Three years have gone, and still that blessed sight
– the jewel of Southampton, sitting on that wall –
accompanies me to my oblivion.
Arbella was wild as a clipped goose smelling fox.
She lurched from wall to wall. ‘Why not go out?
There’s education in the wind and rain.
We could get wet and you could teach me why
it bounces off the sparrows.’
‘Read this book,’
I offered, patiently, the only poultice
that’s ever worked for me.
‘Pah! Read a book!
Another dusty book? Another wedge
of dead man’s brain? No, thank you. What is it?’
‘It’s poetry.’
A snort. ‘What good is that?
What good are words? Words are not real life.’
‘But they create in here,’ I tapped my head,
‘whatever’s locked out there.’
Another snort.
She stamped her boot, and spun towards the view.
‘But not the Earl of Essex,’ she replied.
‘You can’t create him, can you?’
She was hooked
two years before, at court, when she was twelve.
Imagined they might marry, though I knew
by then your cousin Frances had his child
tucked in her belly.
‘You might be the Queen
one day,’ I said. ‘How to prepare for that
except to read and imagine how it feels?’
Knowing she’d marry whom the Queen decreed.

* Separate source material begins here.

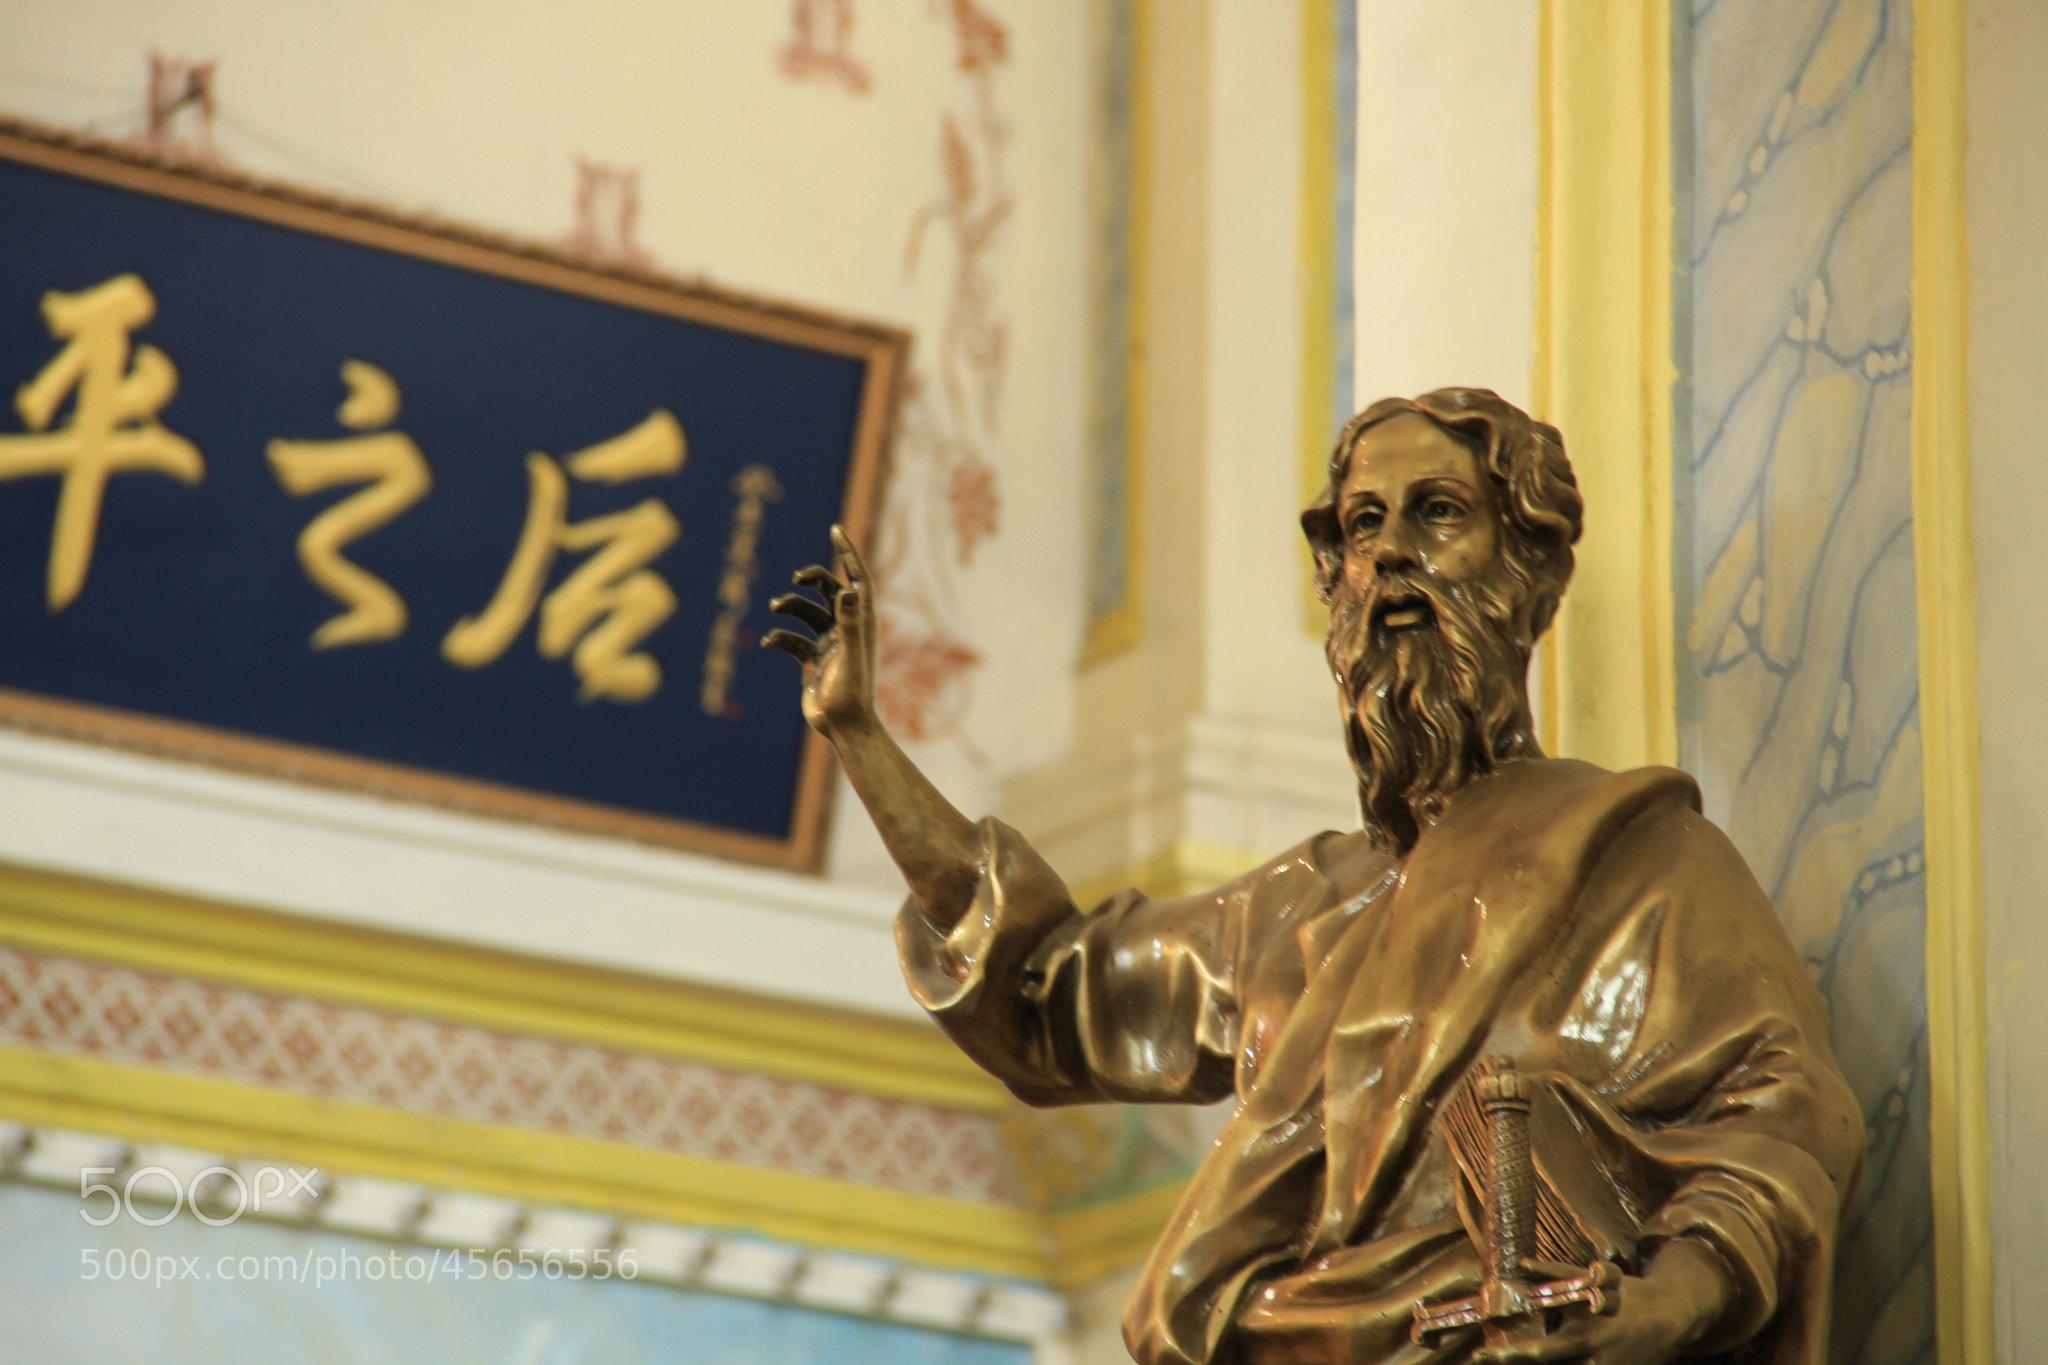 Photograph 西开教堂 天津 中国 by zhang sara on 500px

Be pawned to the Duke of Parma’s son, Farnese,
to end the war. Be dangled like a threat
to keep her cousin James obedient.
And me, determined to get close to both.
How powerful I felt myself to be.
‘Very well,’ she said. ‘Prepare me.’ Still outside.
I turned the pages silently and found
the lines where the sultan’s riches glow like fire,
the pulsing light of each delicious gem
its own confection, savoured on my tongue.
And drawn across, as though the jewels were real,
Arbella knelt in front of me, her hands
open as though she thought this spell of words
would conjure and drop into her lap those stones.
I closed it, and we listened to the weather
beating itself against the window pane.